English-born Nicolas Roeg was a former film editor and cinematographer who had served his apprenticeship on David Lean's Lawrence of Arabia (1962) amongst other films, most notably as co-director of the 1970 Mick Jagger cult classic, Performance, immediately prior to Walkabout, his first project as a solo director.

The story concerns an ordinary suburbanite, identified only as “The Man”, played by John Meillon, who takes his two children, a 14 year old girl (played by English television child actress Jenny Agutter) and 6 year son (played by Roeg's own son) in order to kill them. He fails and suicides instead, leaving the children to fend for themselves in the strange environment. Before long they encounter an Aboriginal boy, played by David Gulpilil making his screen debut, who is undertaking a “walkabout” as part of his coming-of age initiation. For a brief time they become companions as he leads them back to the safety of their own people although the encounter has unforgettable repercussions for both adolescents.

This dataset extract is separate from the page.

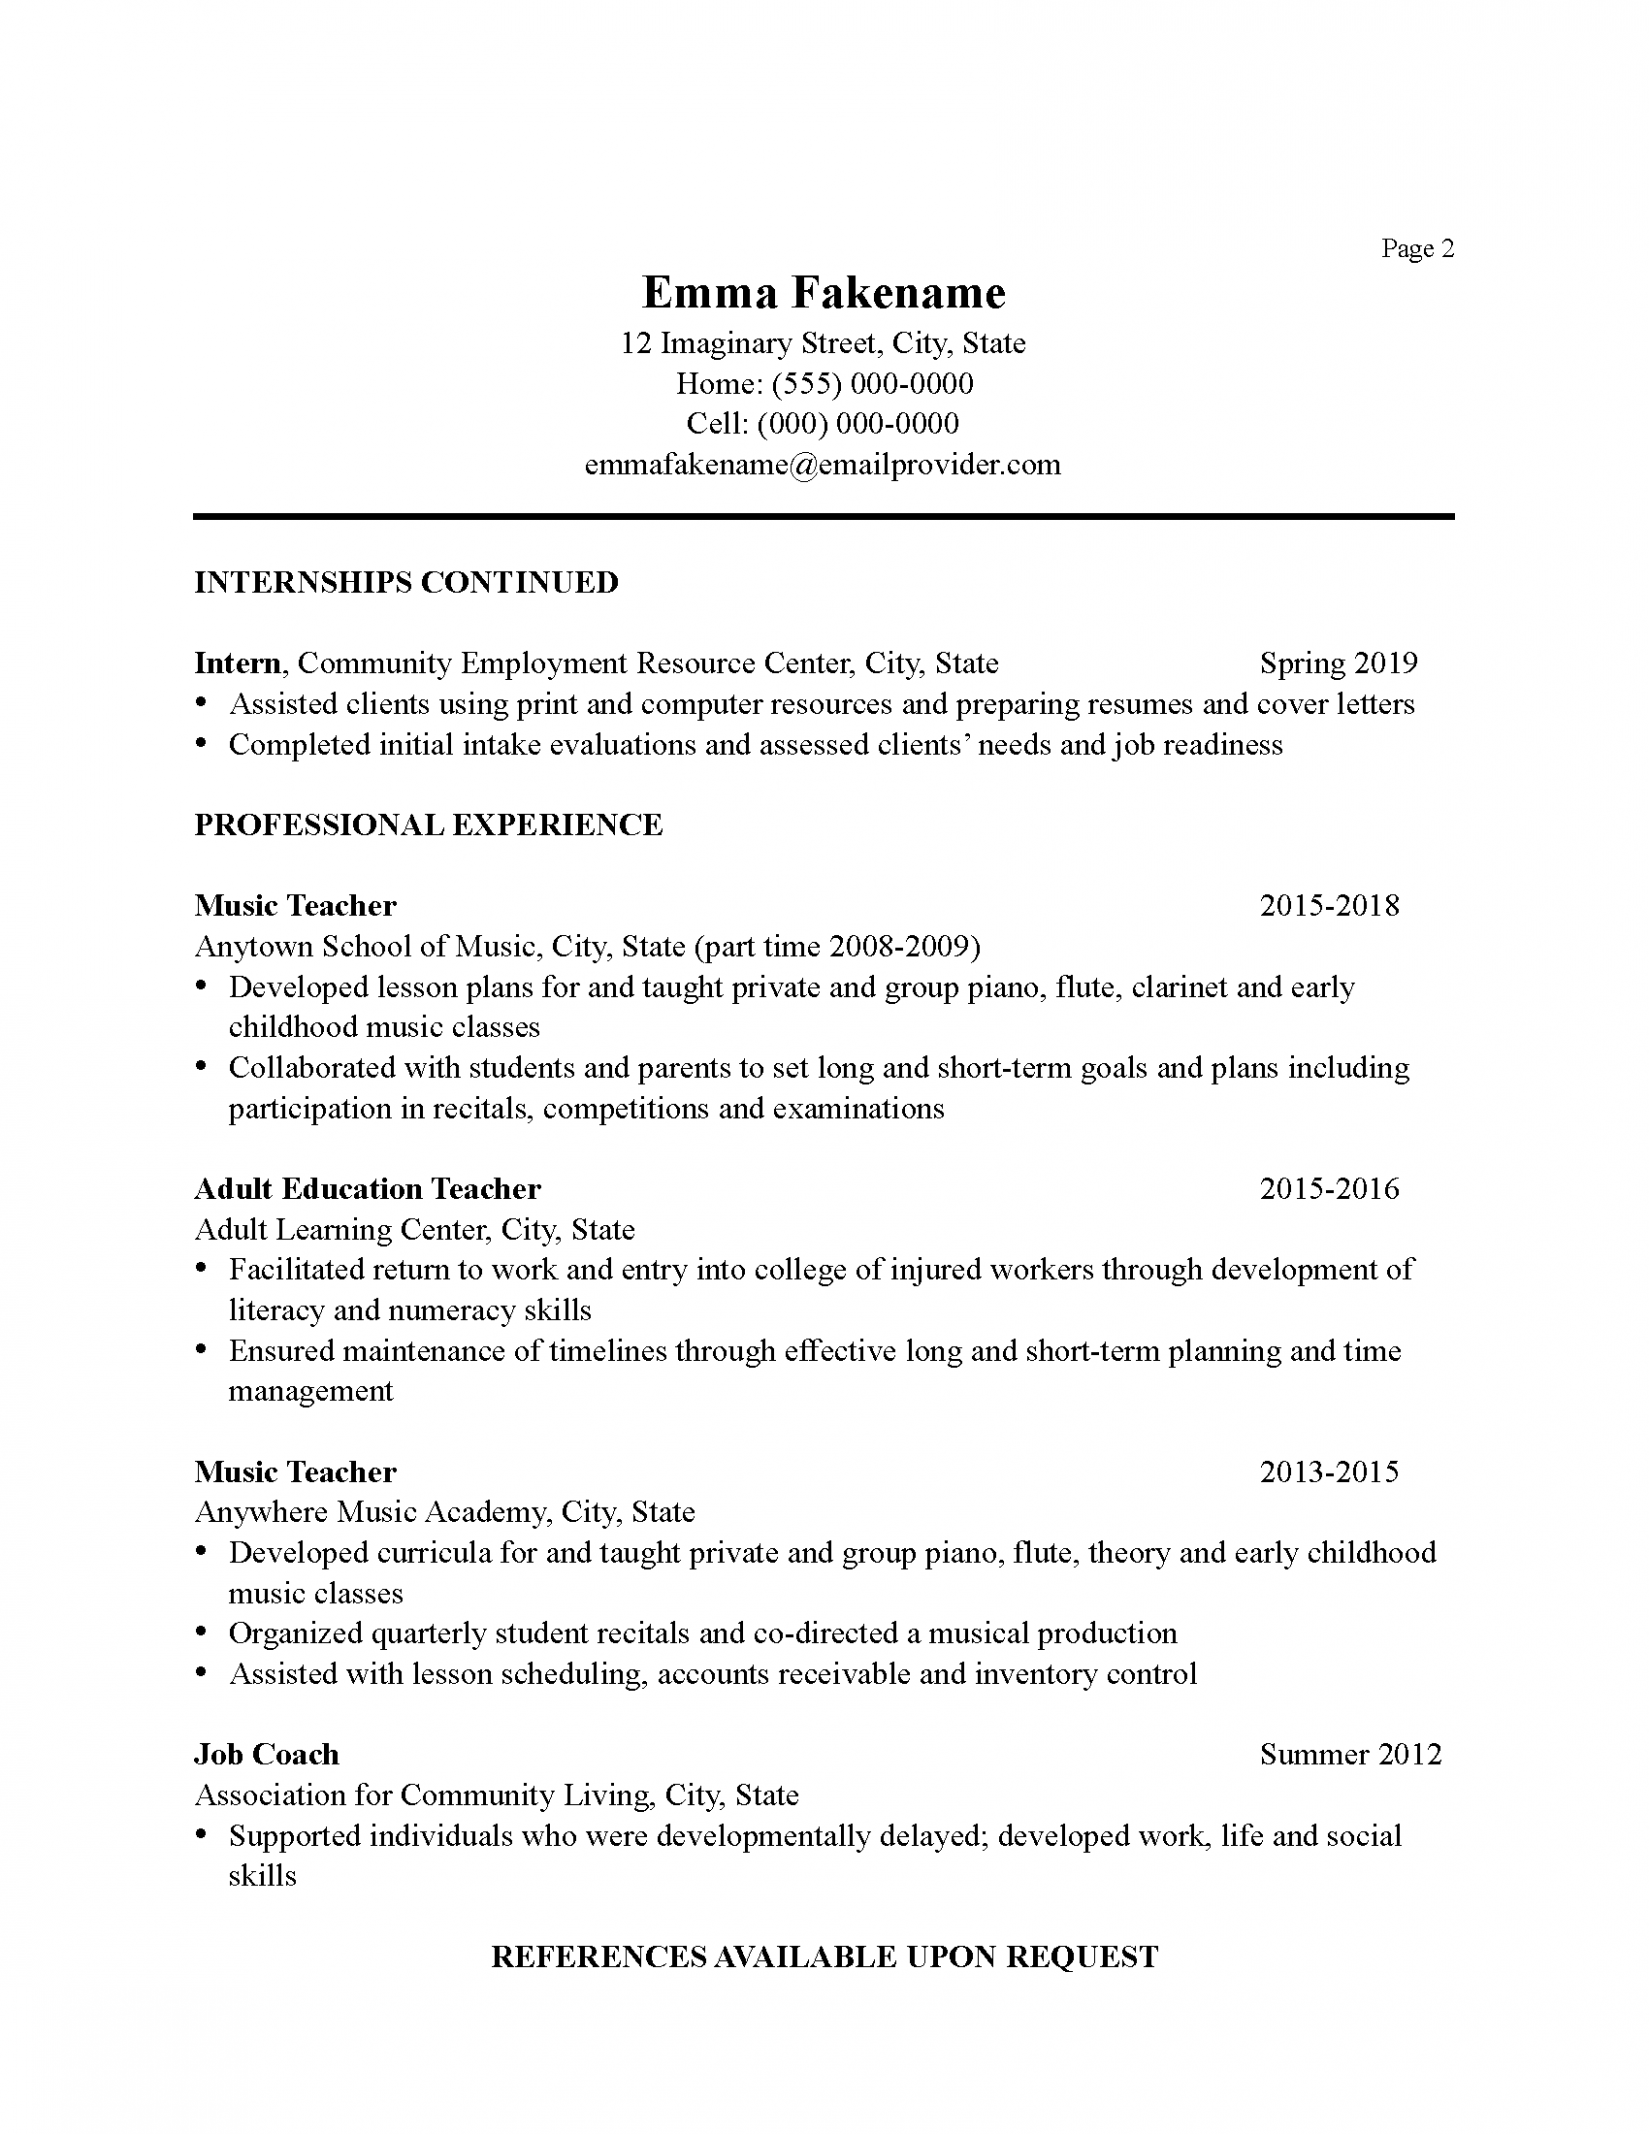 13 Job Vacancy Resume Format In 2020 Teacher Cover Letter Example Career Change Resume Resume Examples
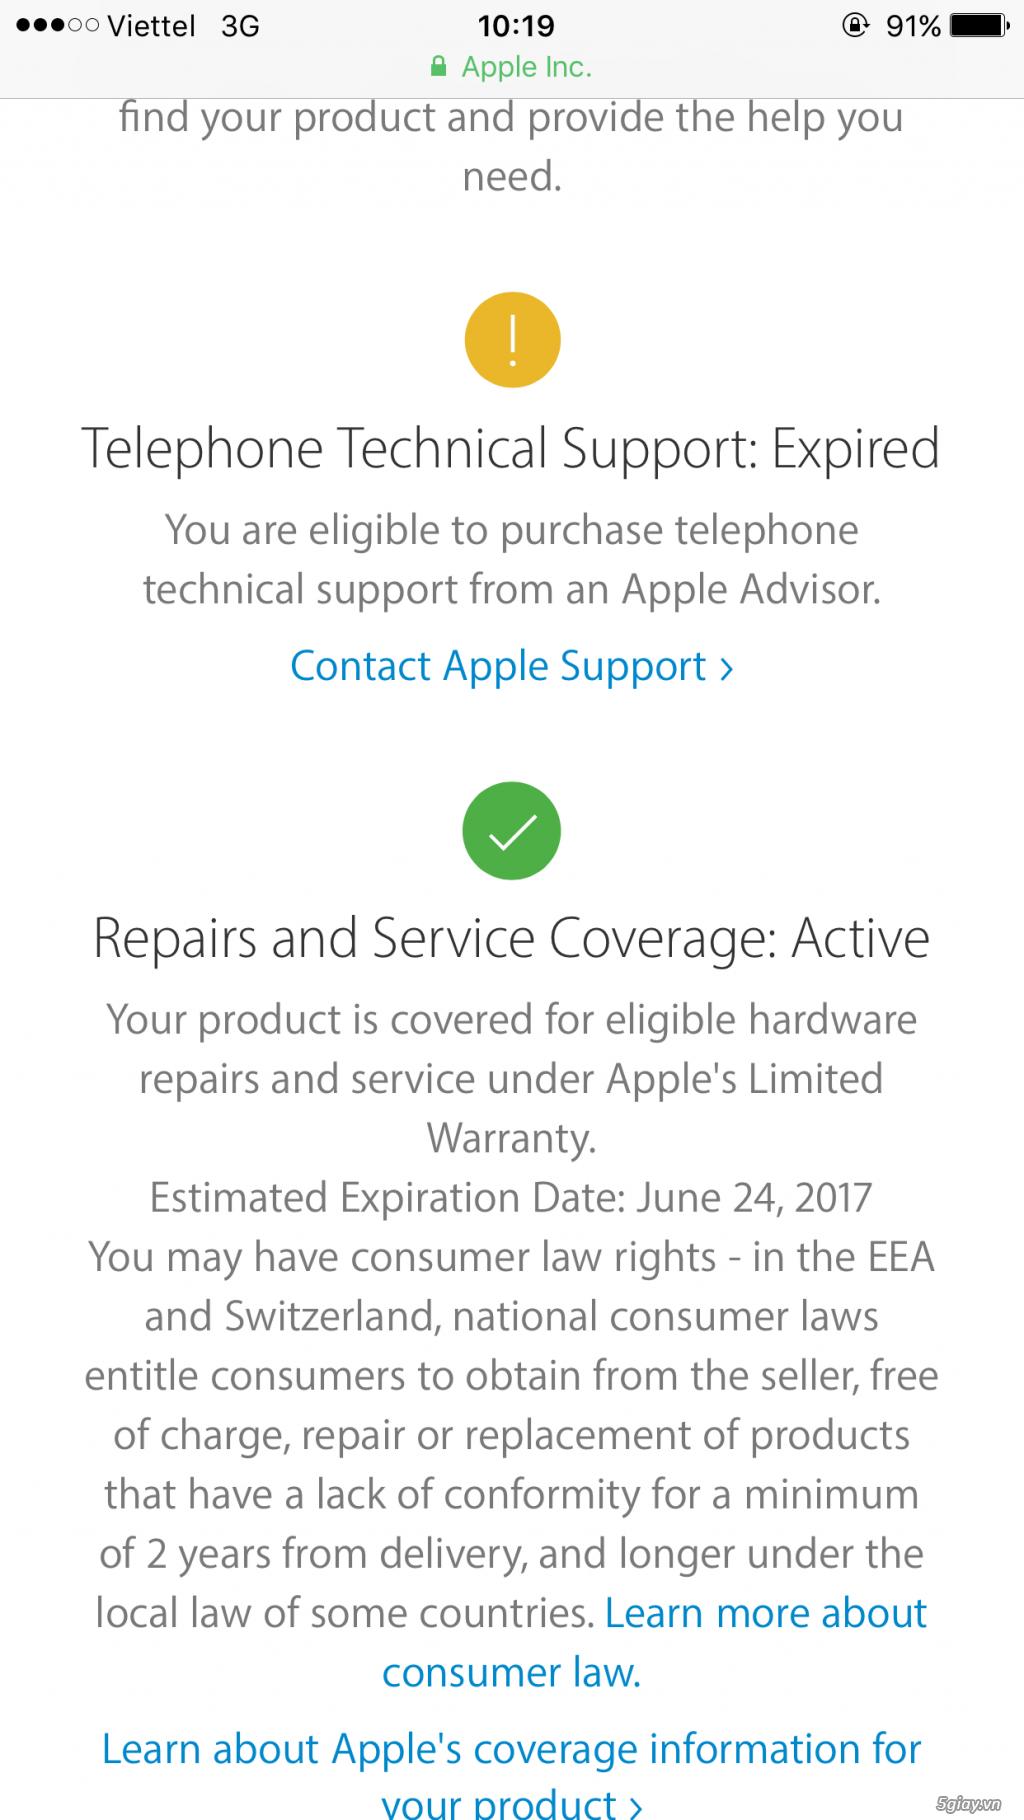 Bán iphone 6s plus 16gb 99% còn BH apple gần 7 tháng. - 1

The script was by Edward Bond, an English playwright who had never even been to Australian and who derived it from a novel by James Vance Marshall but the main credit for the success of the film must go to Roeg who had some knowledge of Australia from being a camera operator on the 1960 British-made old school pastoral drama, The Sundowners. His evocation of the “strangeness” of the landscape which so alienated our English forbears and which separated them so definitively from the Aboriginal inhabitants, is brilliantly realized. Whilst much of this is achieved in purely visual terms, Jenny Agutter and David Gulpilil are both excellent in portraying the at-first tentative but disorienting and disturbing relationship between the two young people.

As with the Canadian Ted Kotcheff's screen adaptation of Wake In Fright which was released the same year, "outsiders" seem to be much better suited to confront what are essentially spiritual issues than we are ourselves, perhaps because Australian film-makers tend to be resolutely urban creatures and so see the landscape more distantly and romantically as would Peter Weir, the local director most inclined to such matters, with Picnic At Hanging Rock in 1975.

Forty years after its release Walkabout remains one of the finest films about the heart of Australia, and, in particular, the essentially European civilization that clings to its periphery.